00:14:18.100 | What it does is that it's going to take the query, generate Python code, and the Python code is going to be

00:14:26.900 | executed in a sandbox, in a secure, safe sandbox.

00:14:31.060 | And it can be whatever is supported, whatever Python packages are available in the environment.

00:14:39.940 | Usually, you use it to generate diagrams.

00:14:43.460 | And it's going to generate the Python code, which is going to generate that visual representation.

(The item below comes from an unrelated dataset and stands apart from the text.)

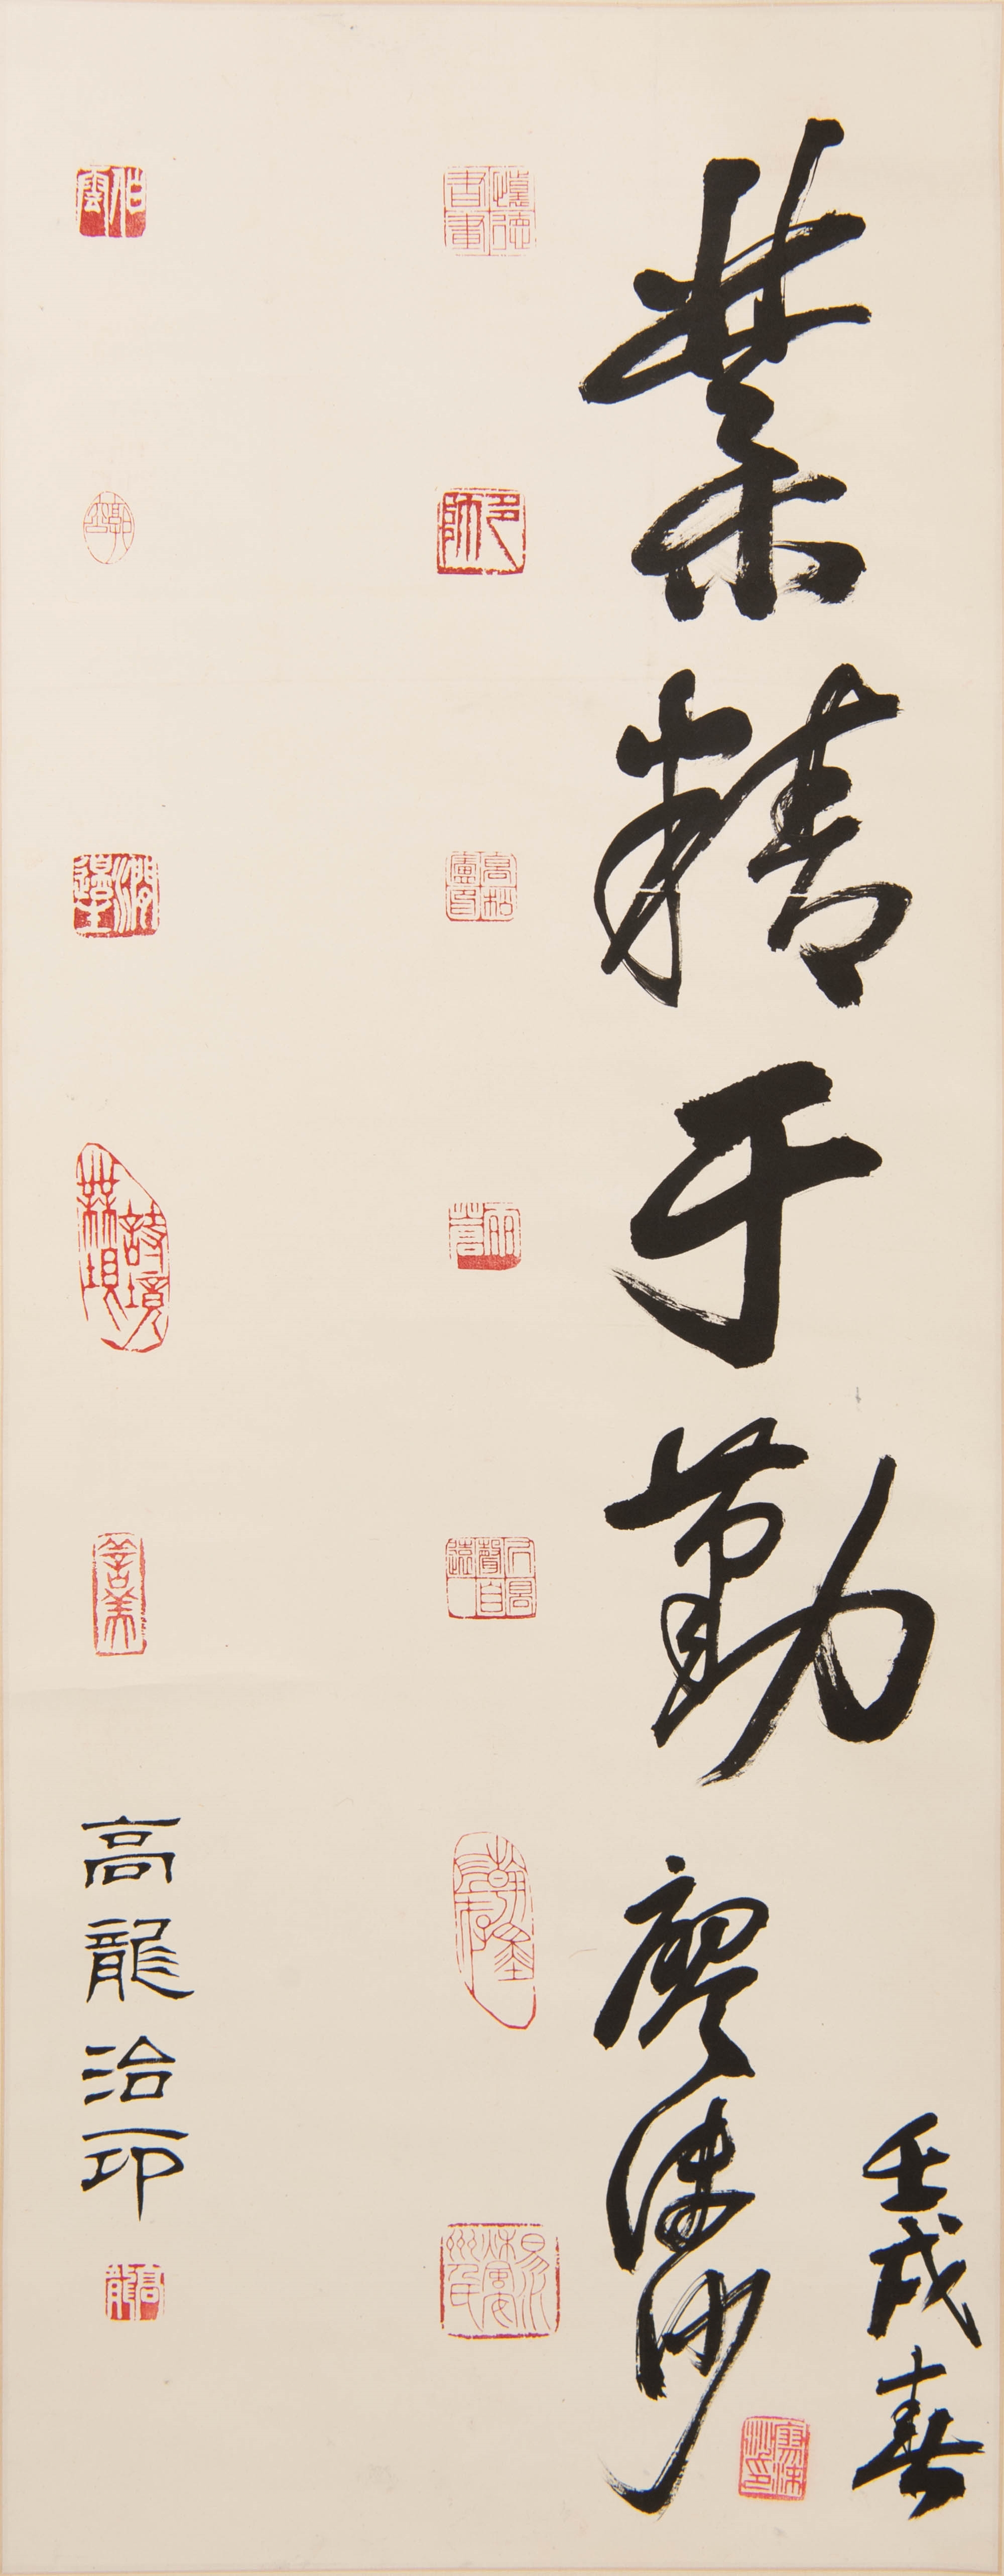 廖沫沙 高龍上款行書「業精於勤」鏡片 A Chinese calligraphy - Liao Mosha

00:14:50.260 | It's going to execute the code.

00:14:52.660 | The code is going to save the image somewhere on the file system inside the sandbox.

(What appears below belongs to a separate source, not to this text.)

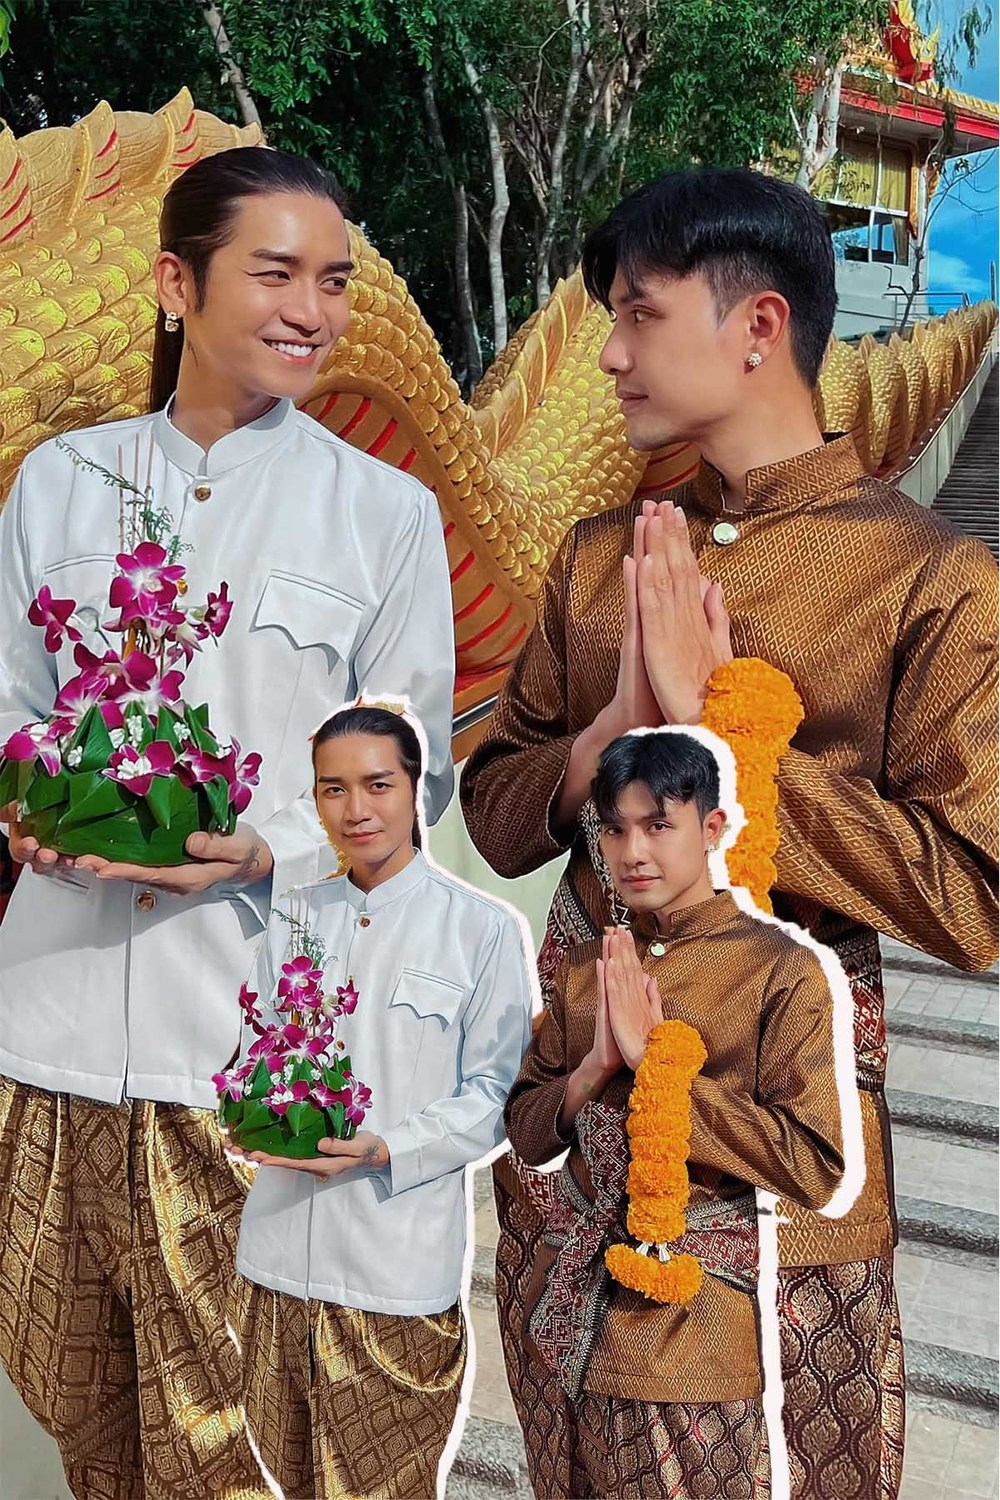  
BB Trần và Quang Lâm cùng du lịch Thái Lan vào đúng Pride Month - Tháng Tự hào LGBT. (Ảnh: Facebook Trần Bảo Bảo) - Tin sao Viet - Tin tuc sao Viet - Scandal sao Viet - Tin tuc cua Sao - Tin cua Sao

00:14:57.140 | Then the agent is going to pull that image out of the sandbox and send it back to the client application.

00:15:05.060 | Okay, so like what I said, this is quite a lot to digest, right?

00:15:10.340 | But the thing is, you just have to go through and get a mental model of how that works.

00:15:15.940 | And once you understand that, you don't have to manage it yourself, which is quite interesting.

00:15:22.020 | Today?

00:15:26.180 | Do we have a vector database today?

00:15:30.580 | I'm blinking.

00:15:33.300 | I think we do.

00:15:34.260 | I think we do.

00:15:34.900 | I think we do.

00:15:34.980 | But I'm going to double check.

00:15:36.180 | Because we ingest the documents, and I think we ingest the documents inside an AI search instance.

00:15:42.420 | One more very important thing, function calling.

00:15:47.860 | So to be honest, function calling is not new when it comes to LLMs.

00:15:52.580 | I was doing function calling like literally when the first version of TGPT was announced by

00:15:58.020 | asking the LLM to give me answers from separated by commas and say generate a function and an argument

00:16:05.780 | separated by commas.

00:16:06.580 | You can still do it, by the way.

00:16:07.860 | But nowadays, it's much more efficient to have structured output.

00:16:12.420 | It generates a well-formed JSON.

00:16:14.900 | Even the LLMs are optimized under the hood inside the data center to generate

00:16:21.220 | JSON optimally.

00:16:27.060 | So the principle of function calling, actually, the name is bad.

00:16:31.940 | I've hated that name ever since it was coined because it's not function calling.

00:16:36.820 | It's function routing.

00:16:37.940 | The LLM does not call anything.

00:16:40.580 | An LLM runs on a GPU.

00:16:42.740 | It's not going to call any code.

00:16:45.780 | So what it does, rather, is that it generates a JSON representation telling you

00:16:53.860 | what function to call with what parameter values.

00:16:56.420 | And it's going to map.

00:16:57.780 | It's going to decide which function to call.

00:16:59.860 | And it's going to map the natural language sentence and extract

00:17:06.420 | values that it's going to pass as parameter to the function to be called.

00:17:11.940 | And then it's the responsibility of the application code to take that function

00:17:16.420 | call specification and actually execute the code.

00:17:19.460 | So that's what it does.

00:17:21.700 | Yes.

00:17:25.140 | How does LLM know which functions you use in your computer classification model?

00:17:31.860 | Like, do you know under the hood how does it know?

00:17:34.900 | Oh, that is an excellent-- that is a very good question.

00:17:40.100 | Well, it's exactly the same way when you ask a question.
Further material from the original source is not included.